Editoriali
Lunedì 09 Febbraio 2026
Meloni e lo scomodo crocevia identitario
Politica Le implicazioni dell’uscita di Vannacci dalla Lega rischiano di mettere a repentaglio l’esecutivo perché il generale ne ha sfruttato le contraddizioni
L’uscita di Vannacci dalla Lega è stata accolta dalla stampa con disprezzo, scherno e derisione. Non sappiamo ancora l’esatta entità dei parlamentari disposti a seguire il generale ma, fin da ora, qualcuno (“Il Giornale”) ha definito “Sturmtruppen” la possibile pattuglia guidata dall’impavido generale che Matteo Salvini non ha esitato a definire “traditore”.
L’acredine usata dai commentatori vicini alla premier induce a fare una riflessione sulle implicazioni di una possibile transumanza che rischia di mettere a repentaglio la stabilità di un esecutivo che, fino ad oggi, è risultato tetragono. In realtà, davanti al profluvio di invettive che sono state scagliate contro il generale, vien da chiedersi perché la destra dimostri tanta ostilità nei confronti di Vannacci.
Tante destre, non una sola
Sul piano elettorale, ad oggi non è possibile determinare il potenziale di una forza politica che difficilmente potrà godere del supporto mediatico della destra al governo.

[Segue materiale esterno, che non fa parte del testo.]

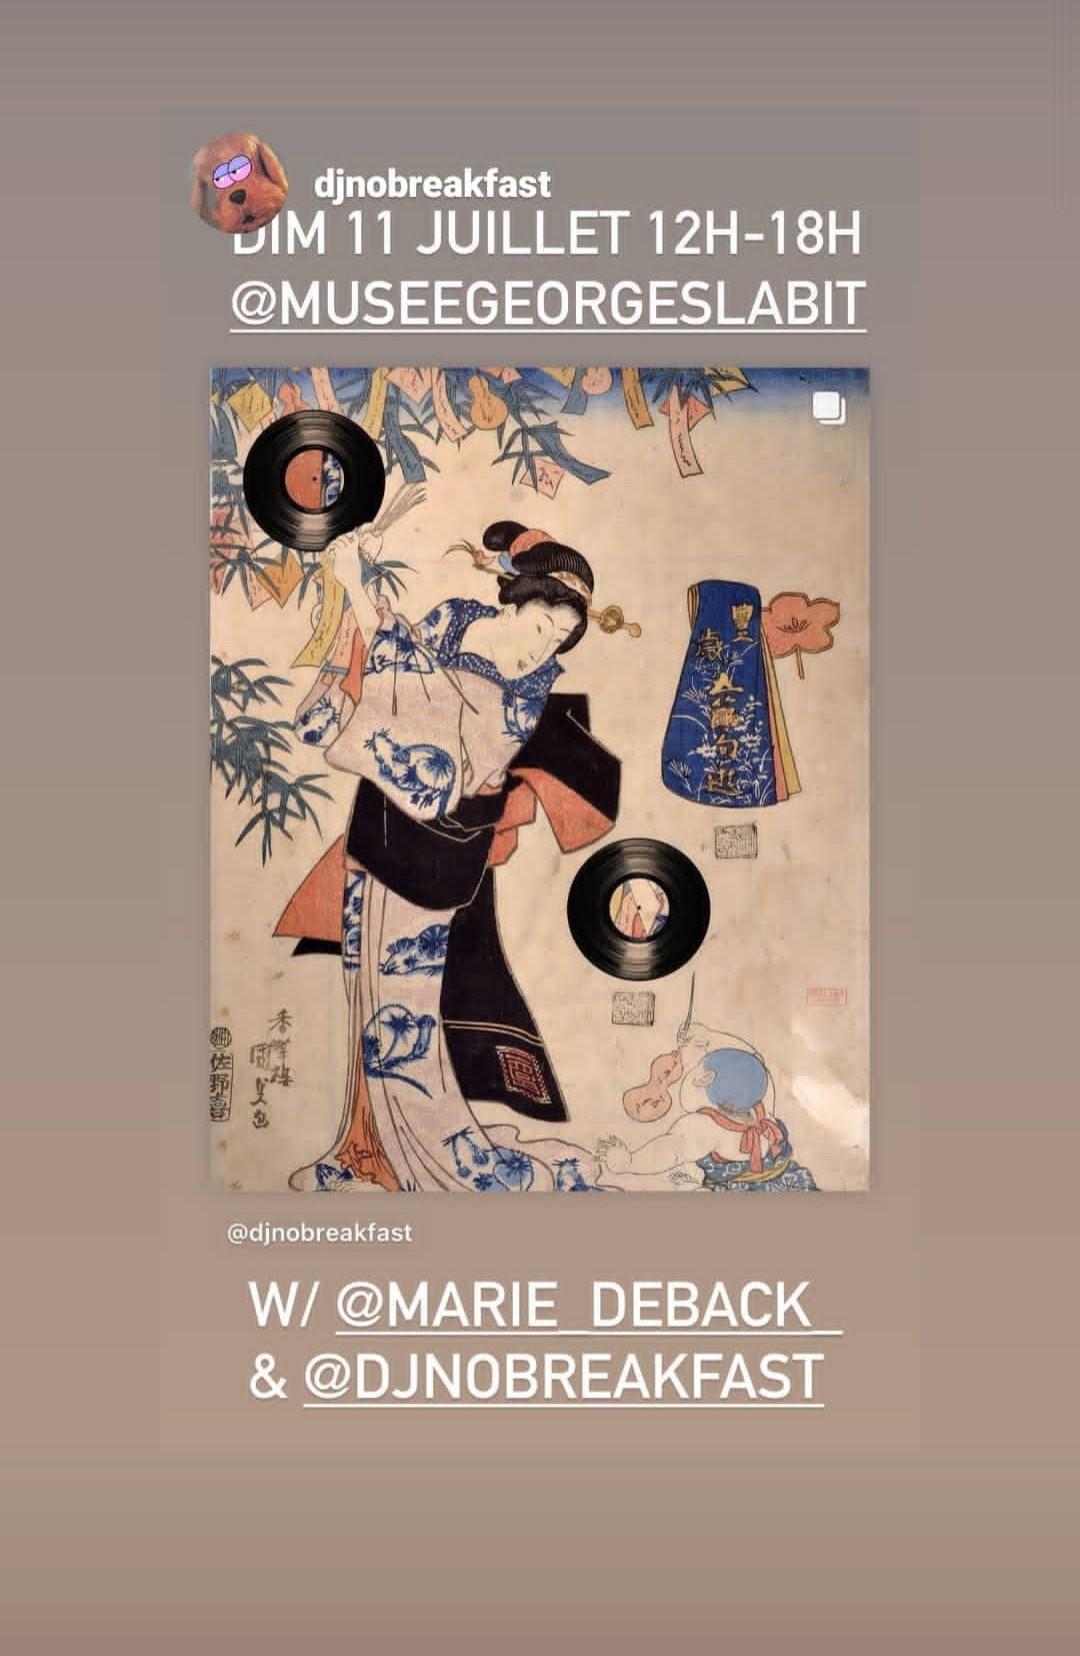 TANABATA w/ Marie Deback & DJ No Breakfast @ Musée G. Labit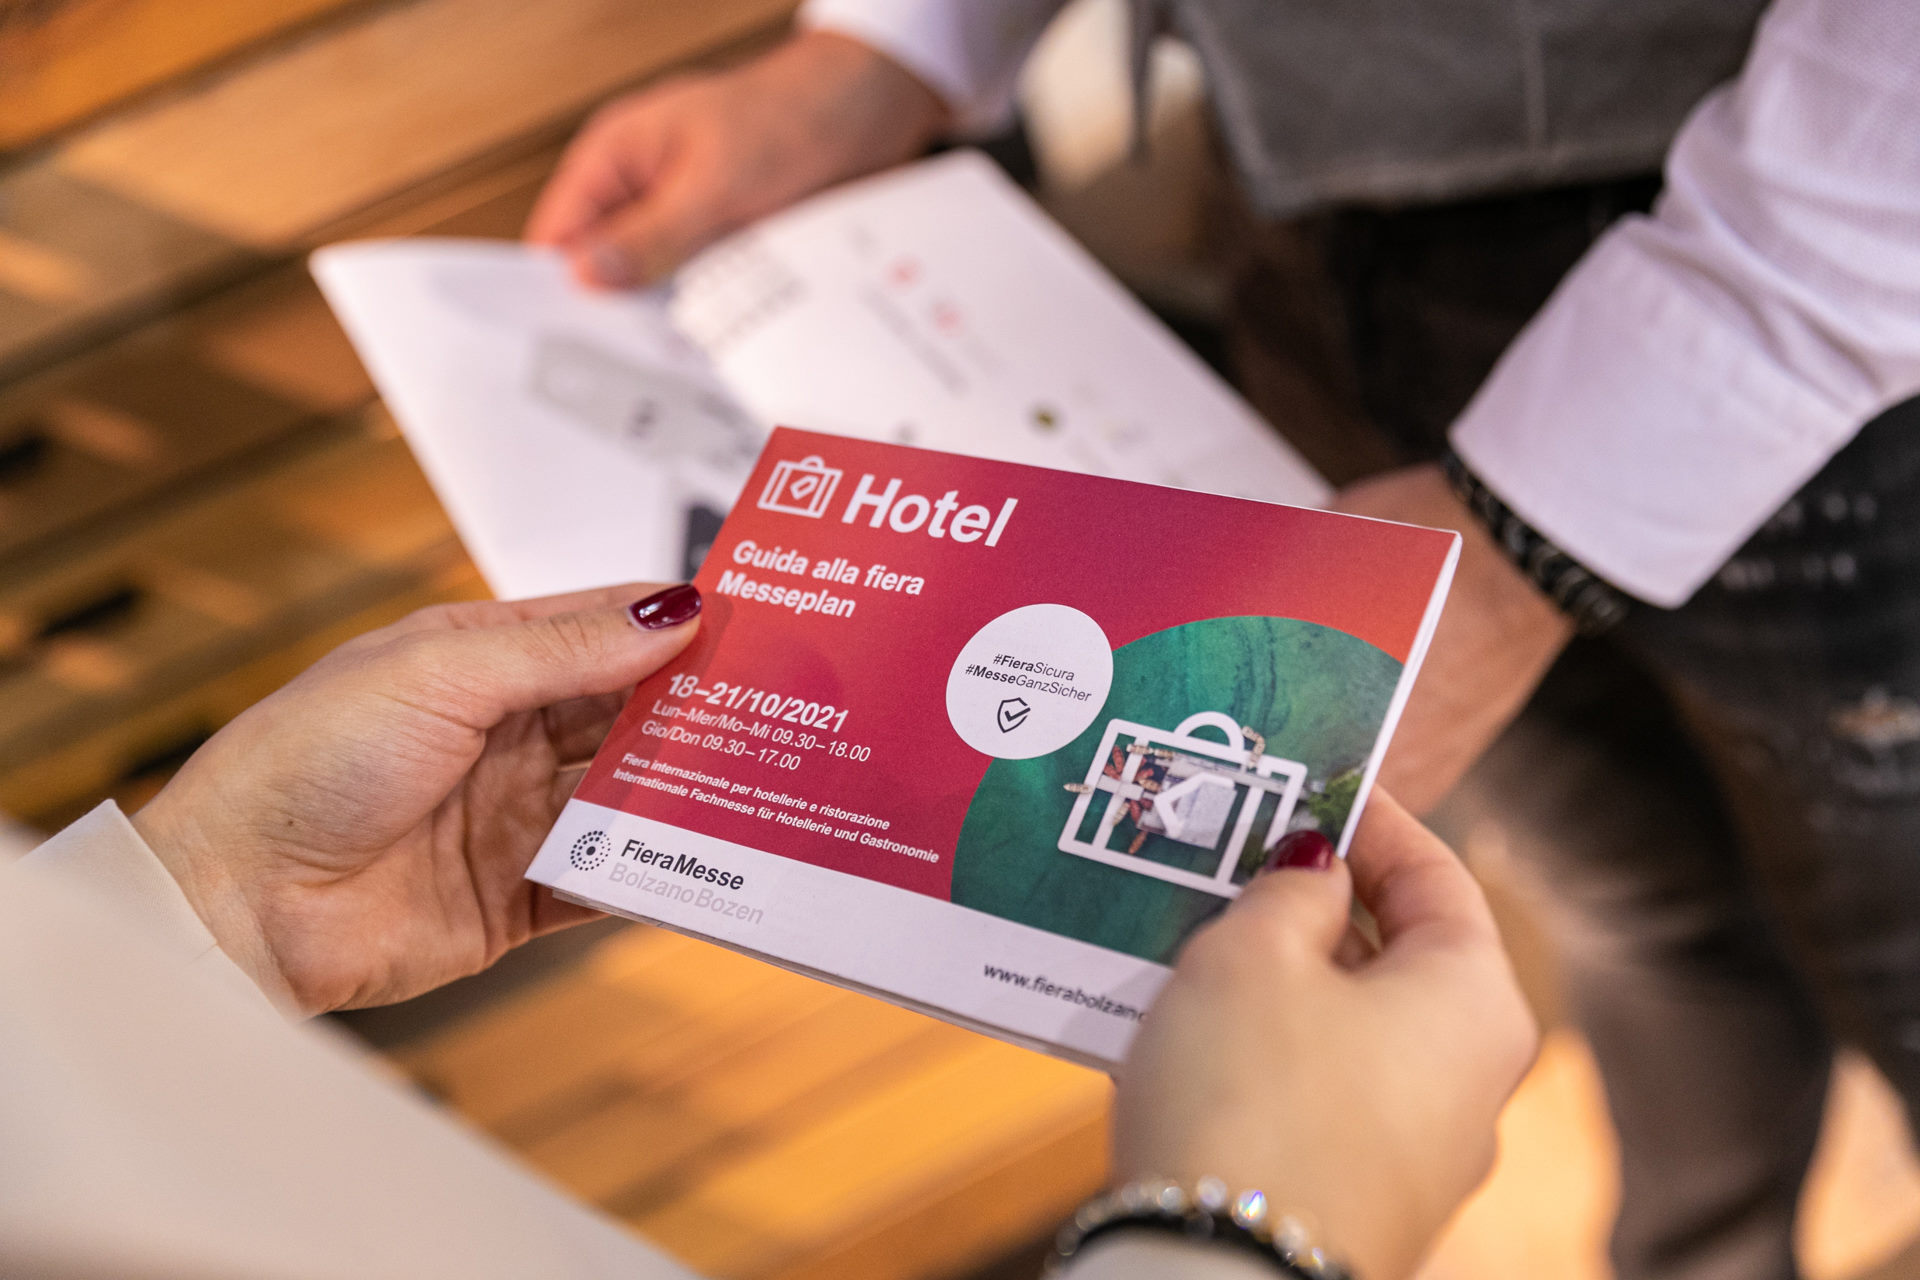 Innovation, Circle, Design, Pioneers: le parole chiave di Hotel 2021

In verità, con la nascita di “Futuro Nazionale” anche la destra, come la sinistra, è destinata a presentarsi con un profilo sempre più variegato. La destra italiana non è quel monolite che Giorgia Meloni suole sapientemente rappresentare perché lo spettro politico si compone di molteplici destre: esiste la destra di Forza Italia, liberale ed europeista; esiste la destra trumpiana di Fratelli d’Italia; esiste la destra putinana di Salvini che presto dovrà fare i conti con i rigurgiti localisti di Zaia; esiste la destra di Maurizio Lupi che gravita attorno a CL e all’universo cattolico conservatore; e, da oggi, avremo una destra ultranazionalista e anti-sistema di Luigi Vannacci.
Il generale Vannacci rappresenta l’approdo finale di quella rivolta populista che, come un fiume carsico, ha attraversato l’Occidente subito dopo l’avvento del mercato globale che l’Europa ha cercato di arginare con la nascita della moneta unica. Per svariate ragioni, l’esito paradossale della globalizzazione è stata l’esplosione dei nazionalismi, oggi pudicamente definiti sovranismi. Il lepenismo rappresenta l’archetipo populista da cui ha tratto ispirazione la destra post-fascista che, fin dai suoi albori, ha biecamente osteggiato l’architettura europea.
La genesi del generale
Fino alle elezioni del 2022, Giorgia Meloni non ha esitato a lanciare i suoi strali contro l’Unione europea e contro Mario Draghi, prima presidente della Bce e poi suo predecessore a Palazzo Chigi. In questa temperie politica, è germogliato un personaggio singolare come Luigi Vannacci che la politica italiana ha colpevolmente sottovalutato ritenendolo l’ennesimo “arcitaliano”, un innocuo fuoco di paglia destinato a svanire rapidamente dai radar dei mass-media. Così non è stato perché Vannacci è una persona scaltra che, come fece Giorgia Meloni all’epoca del governo Draghi, oggi intende lucrare una rendita di posizione approfittando delle contraddizioni del governo.
Ora sappiamo con certezza che l’uscita dalla Lega era in programma fin dalla sua entrata e che il generale ha usato Salvini gabbandolo poi senza mercé. Roberto Vannacci sa che il nazionalismo di Salvini è solo una mera operazione di cosmesi: un nazionalismo strumentale, finto, posticcio, che non potrà mai sconfessare la vocazione localista della Lega. Per Vannacci, la destra italiana deve essere fiera della sua storia, della sua identità e dei suoi valori. Ordine, disciplina, gerarchia, italianità, tradizione, risoluta difesa dei confini, rifiuto del globalismo e del multiculturalismo, difesa della famiglia tradizionale, reciso rifiuto di quel mondo Lgbt che, per un uomo di destra, non può considerarsi “normale”.
Il Vannacci-pensiero
Questo è, in sintesi, il Vannacci-pensiero che, come ha detto Giordano Bruno Guerri, rappresenta una “zavorra” per la destra che, alle prossime elezioni, dovrà decidere se liberarsene per sempre o se sarà necessario preservarla per “marciare divisi e colpire uniti”. La verità é che il generale ha condotto Giorgia Meloni a questo scomodo crocevia che, piaccia o no, imporrà alla premier una scelta identitaria alla quale finora ha saputo abilmente sottrarsi. Probabilmente sono queste le vere ragioni dell’ostilità nei confronti del generale che obbligherà tutta la destra a chiarire quale futuro intende dare al paese.